Create a catalog named polariscatalog
Create and assign roles
Register a user and return their credentials

💻 Step 3: Open Spark and Interact with Polaris

Launch the Spark UI by visiting:

http://localhost:8888

You can use Spark interactively or run Python scripts. Here's an example script to configure Spark with Polaris:

import pyspark
from pyspark.sql import SparkSession

POLARIS_URI = 'http://polaris:8181/api/catalog'
POLARIS_CATALOG_NAME = 'polariscatalog'
POLARIS_CREDENTIALS = 'your_client_id:your_client_secret'
POLARIS_SCOPE = 'PRINCIPAL_ROLE:ALL'

conf = (
    pyspark.SparkConf()
        .setAppName('PolarisSparkApp')
        .set('spark.jars.packages', 'org.apache.iceberg:iceberg-spark-runtime-3.5_2.12:1.5.2,org.apache.hadoop:hadoop-aws:3.4.0')
        .set('spark.sql.extensions', 'org.apache.iceberg.spark.extensions.IcebergSparkSessionExtensions')
        .set('spark.sql.catalog.polaris', 'org.apache.iceberg.spark.SparkCatalog')
        .set('spark.sql.catalog.polaris.warehouse', POLARIS_CATALOG_NAME)
        .set('spark.sql.catalog.polaris.catalog-impl', 'org.apache.iceberg.rest.RESTCatalog')
        .set('spark.sql.catalog.polaris.uri', POLARIS_URI)
        .set('spark.sql.catalog.polaris.credential', POLARIS_CREDENTIALS)
        .set('spark.sql.catalog.polaris.scope', POLARIS_SCOPE)
        .set('spark.sql.catalog.polaris.token-refresh-enabled', 'true')
)

spark = SparkSession.builder.config(conf=conf).getOrCreate()
print("✅ Spark session configured for Polaris is running.")
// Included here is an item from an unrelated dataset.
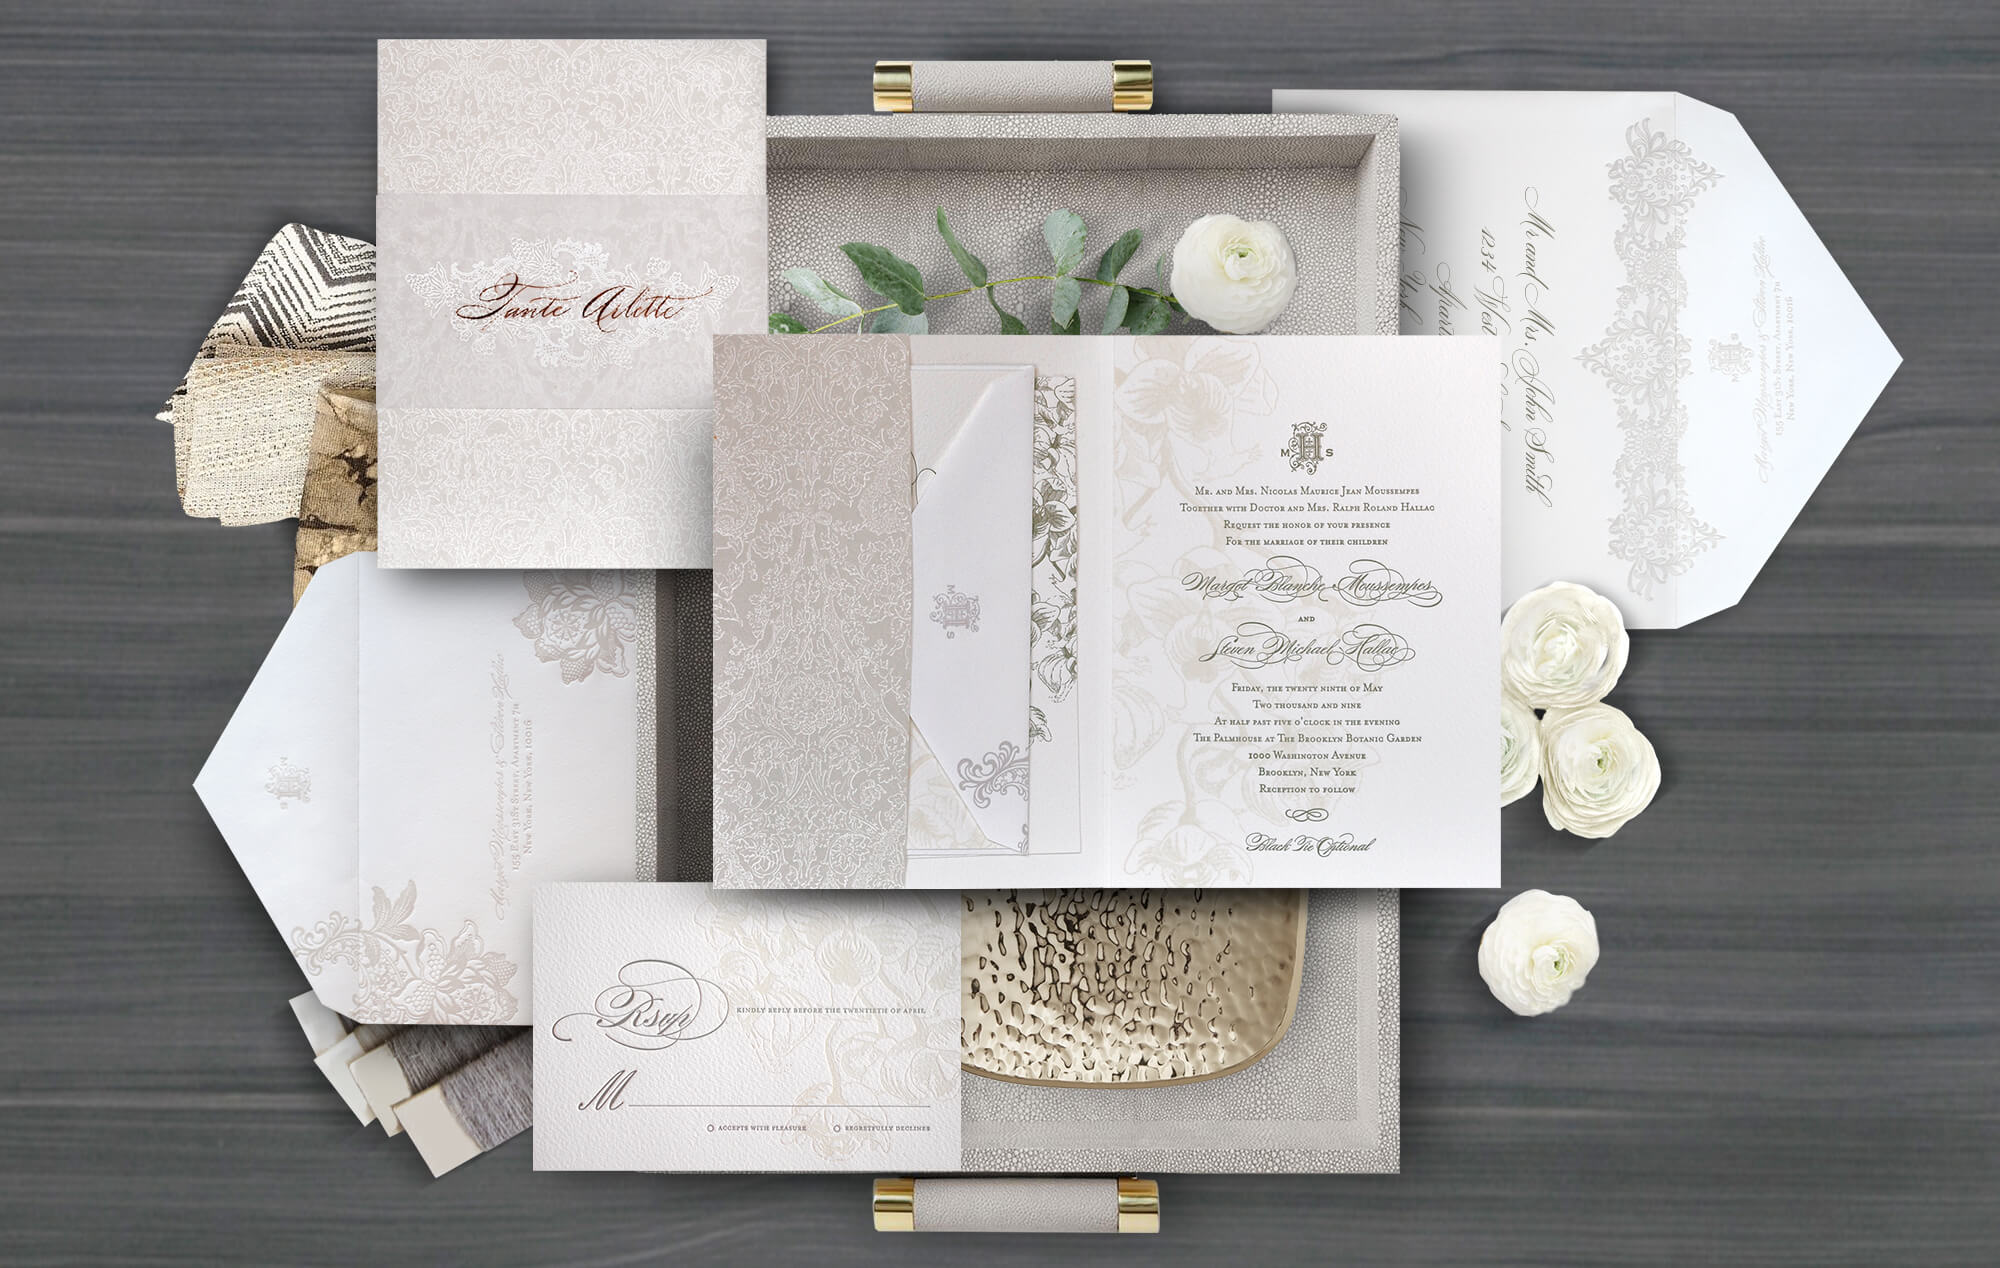 Floral and lace letterpress wedding invitation

Example: Spark SQL with Polaris

# List namespaces
spark.sql("SHOW NAMESPACES IN polaris").show()

# Create a namespace if it doesn't exist
spark.sql("CREATE NAMESPACE IF NOT EXISTS polaris.db").show()

# List tables in a namespace
spark.sql("SHOW TABLES IN polaris.db").show()

# Define sample data
data = [
    (1, "Alice", "2023-01-01"),
    (2, "Bob", "2023-01-02"),
    (3, "Charlie", "2023-01-03"),
]
columns = ["id", "name", "event_date"]
df = spark.createDataFrame(data, columns)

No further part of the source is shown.